These include traditional financial management giants such as Goldman Sachs, Invesco, and Ark Investment: US asset management company Victory Capital, asset management company Simply, Ark Investment Management, Swiss cryptocurrency ETP issuer 21Shares, asset management giant Invesco, ETF issuer Volt Equity, etc. have been reported.
So why are people so optimistic about BlackRock’s announcement of an application for a spot Bitcoin ETF submitted to the US SEC?
First of all, the market has indeed suffered from negative news for a long time. Since 2022, Terra, FTX, and regulatory crackdowns have continued. The market has almost no positive news about external capital inflows, and there is a lack of compliant investment channels. As the world's largest asset management giant with total assets of approximately US$8.6 trillion, BlackRock's influence cannot be underestimated.
Therefore, once its spot Bitcoin ETF is approved, it will provide a safe and effective "channel" for massive amounts of traditional financial funds to flow into the crypto world, which will have a more far-reaching impact on the crypto market.
For the "Bitcoin ETF" that started to sound the clarion call in 2013, after a full 10 years of continuous "application-failure-reapplication" cycle by people in the industry, 2023 finally saw the light of day.

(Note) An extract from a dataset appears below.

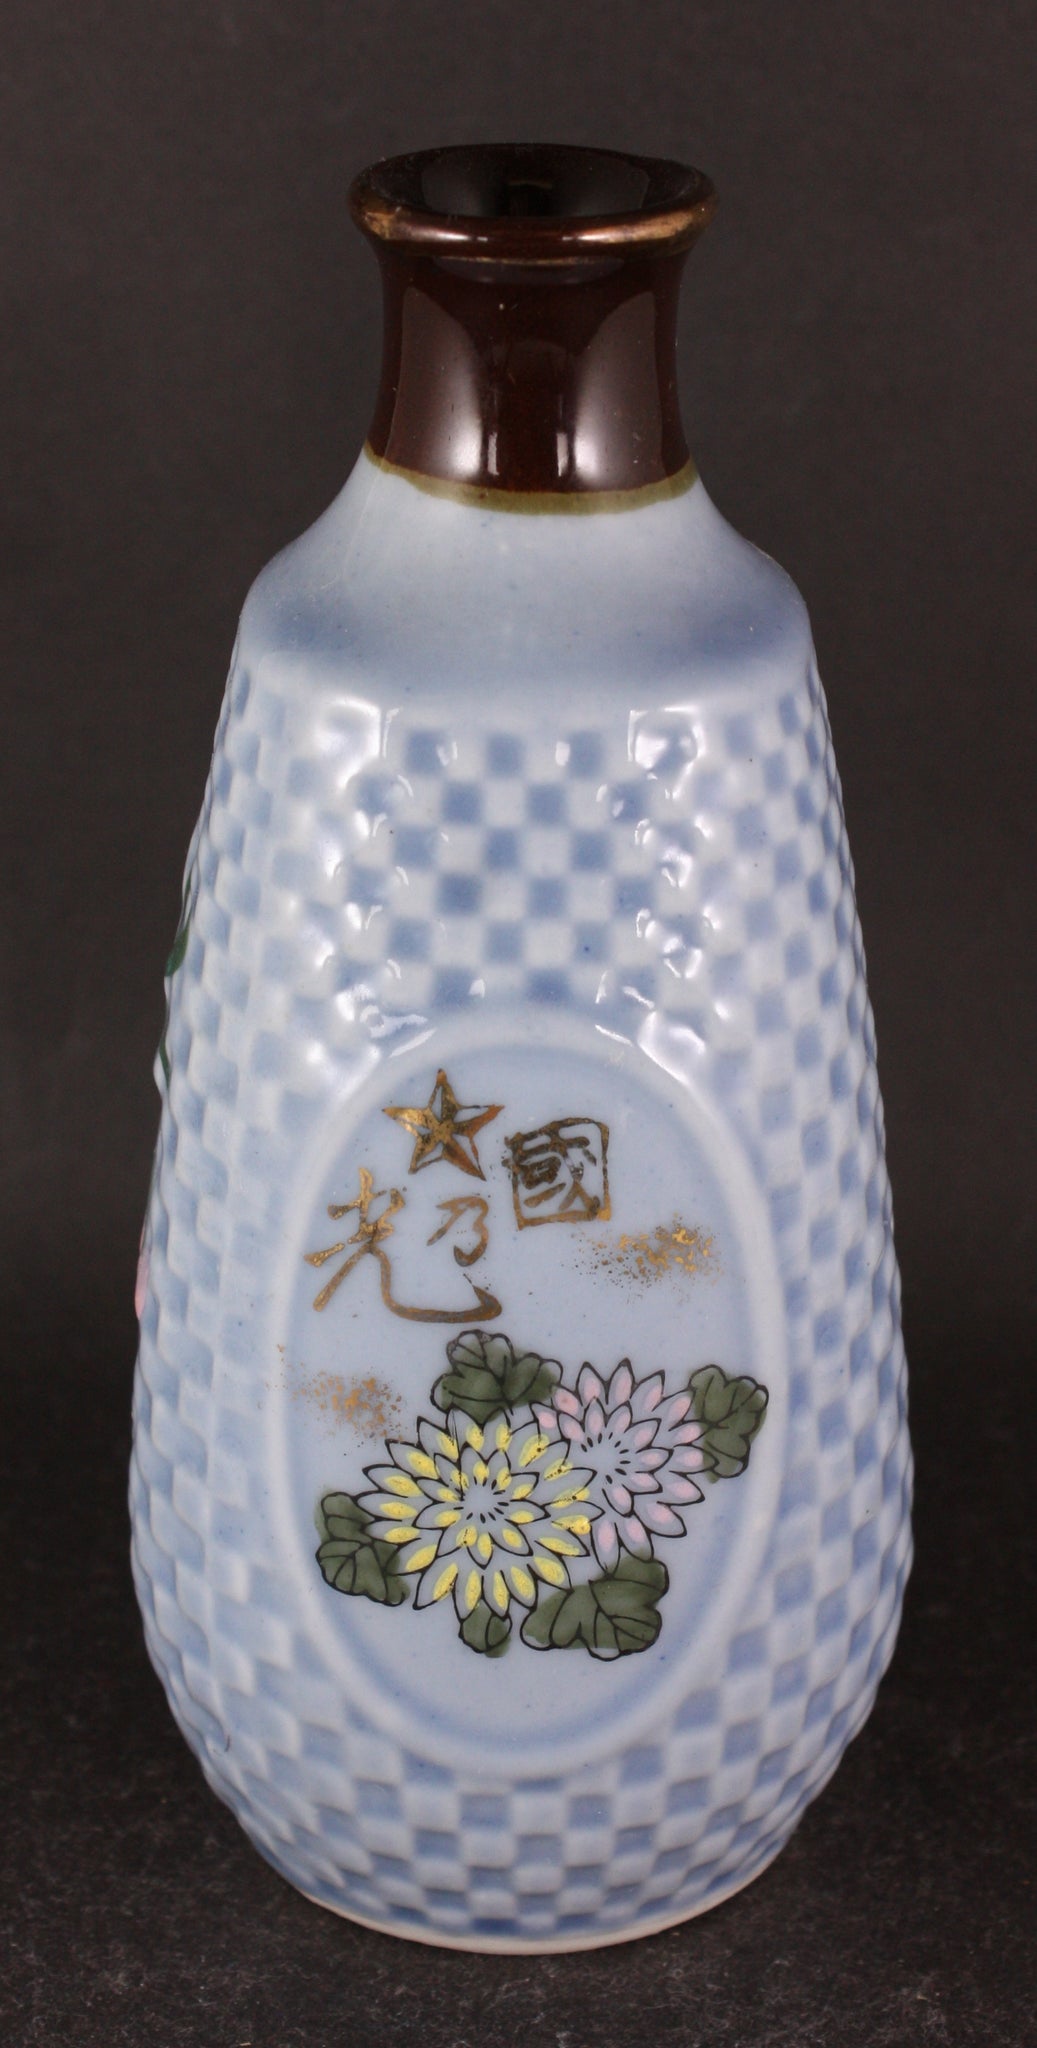 Antique Japanese Military Chrysanthemums Glory of the Nation Army Sake Bottle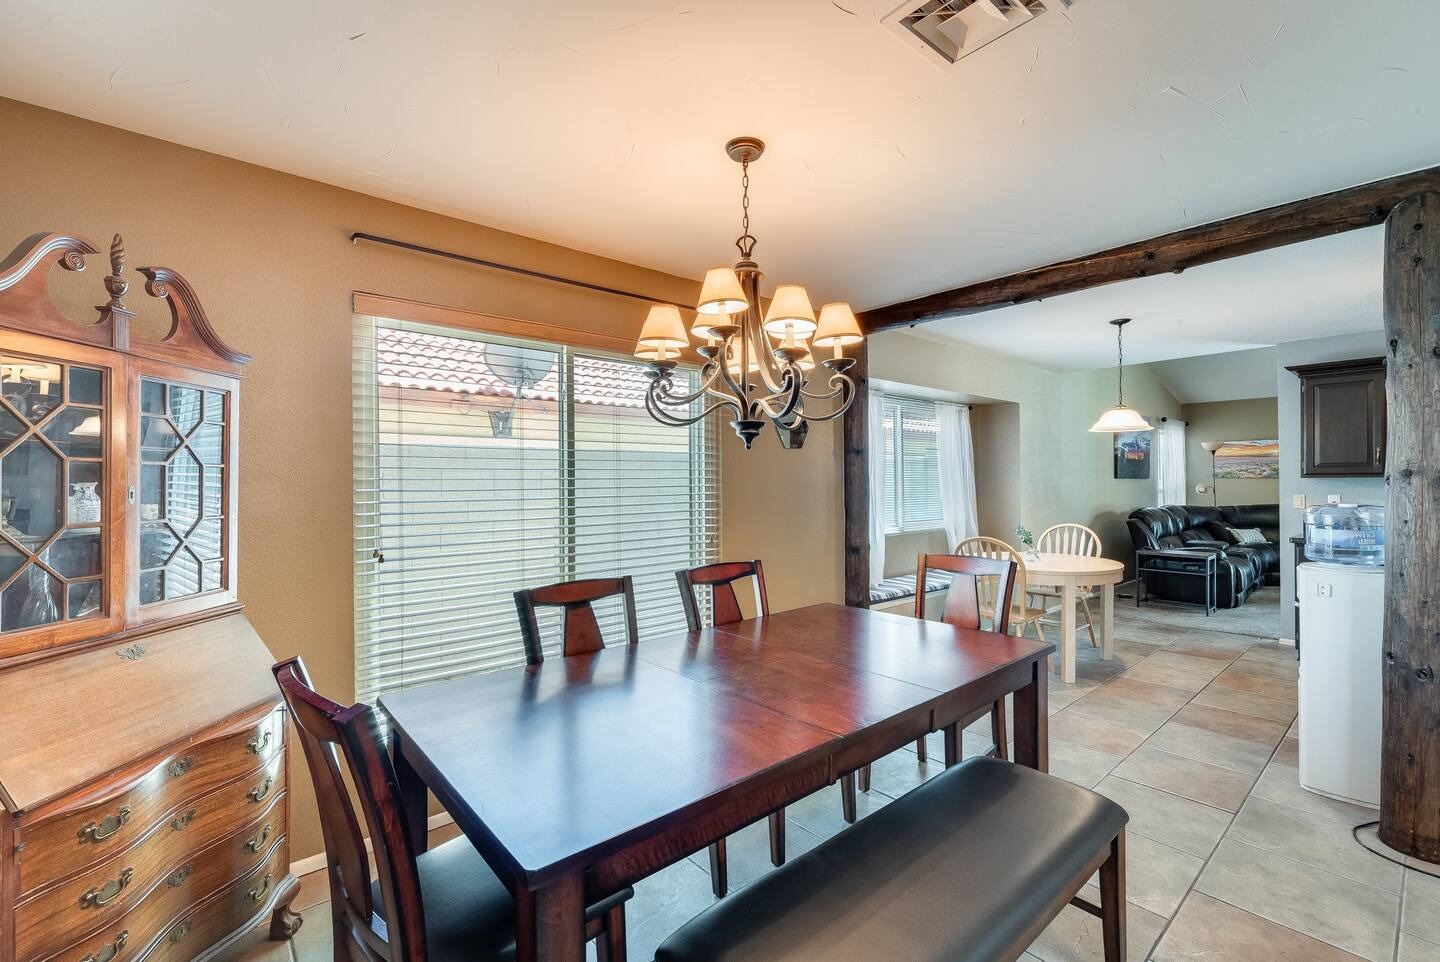 Glendale Vacation Rentals, Cahill Casa - Dining table fit for 6 guests.

Secondly, ETFs have a positive potential impact on the price of the underlying asset: We can review the impact of the launch of gold ETFs on the market. The first gold-backed ETF was launched on the New York Stock Exchange on November 18, 2004, and the closing price of gold on that day was $444.3 per ounce. With the inflow of funds, gold exposure was obtained in a compliant and safe manner, and the spot price rose all the way to $1,666 per ounce in 2012.
However, outside the United States, as early as February 18, 2021, this "curse" was broken by Canada's Purpose Investment Company, which launched the world's first Bitcoin ETF-Purpose Bitcoin ETF, and listed it on the Toronto Stock Exchange. The trading volume on the first day of issuance reached nearly US$400 million, which shows the market's expectations for Bitcoin ETFs.
Beware of "The best stories kill the most people"
In fact, traditional financial institutions have never concealed their ambitions to get involved in crypto assets, and they are accompanied by a series of never-ending layouts. However, we still have to be wary of "the best stories kill the most people":
You should know that Bakkt, which was launched on September 23, 2021, has attracted much attention before its launch and is expected to lead the return of the bull market - it is the first physically delivered Bitcoin futures and can directly affect the spot market.
Investors who had been dormant in the bear market for two years at that time almost fanatically regarded it as a "bull market catalyst". Unexpectedly, Bakket's launch was unexpectedly bleak. In the first 24 hours, a total of 71 Bitcoin futures contracts were traded. The first nine trading days were also quite bleak, with only 865 contracts changing hands.
The harsh reality woke the market up in time, and the volatile pattern since June 2021 was broken. Bitcoin plummeted by 20% in an instant, and the entire market also fell by 30% - 40%. The market was in a stampede, and the amount of liquidation in the global contract market reached hundreds of billions of yuan overnight, which was known as the "925 Tragedy."
More importantly, the optimism that investors had felt when Bitcoin rebounded was wiped out, and market confidence fell to the bottom again. Bakkt, the most anticipated platform, ended up killing the most people.
Looking back now, the time node is mainly 2020:
Before 2020, "Bitcoin ETF" has always been the main channel for the market to enter the "over-the-counter incremental funds" that the market has been looking forward to. Everyone expects "Bitcoin ETF" to bring in huge amounts of incremental funds, open up the way for traditional mainstream investors to invest in cryptocurrencies, and promote Bitcoin and other products to be accepted on a large scale by Wall Street as much as possible, so that the allocation of encrypted assets can be more widely recognized.
However, since the "open entry" of institutions represented by Grayscale in 2020, it seems to have taken over everyone's expectations for "Bitcoin ETF" and even played the role of "bull market engine" for a time.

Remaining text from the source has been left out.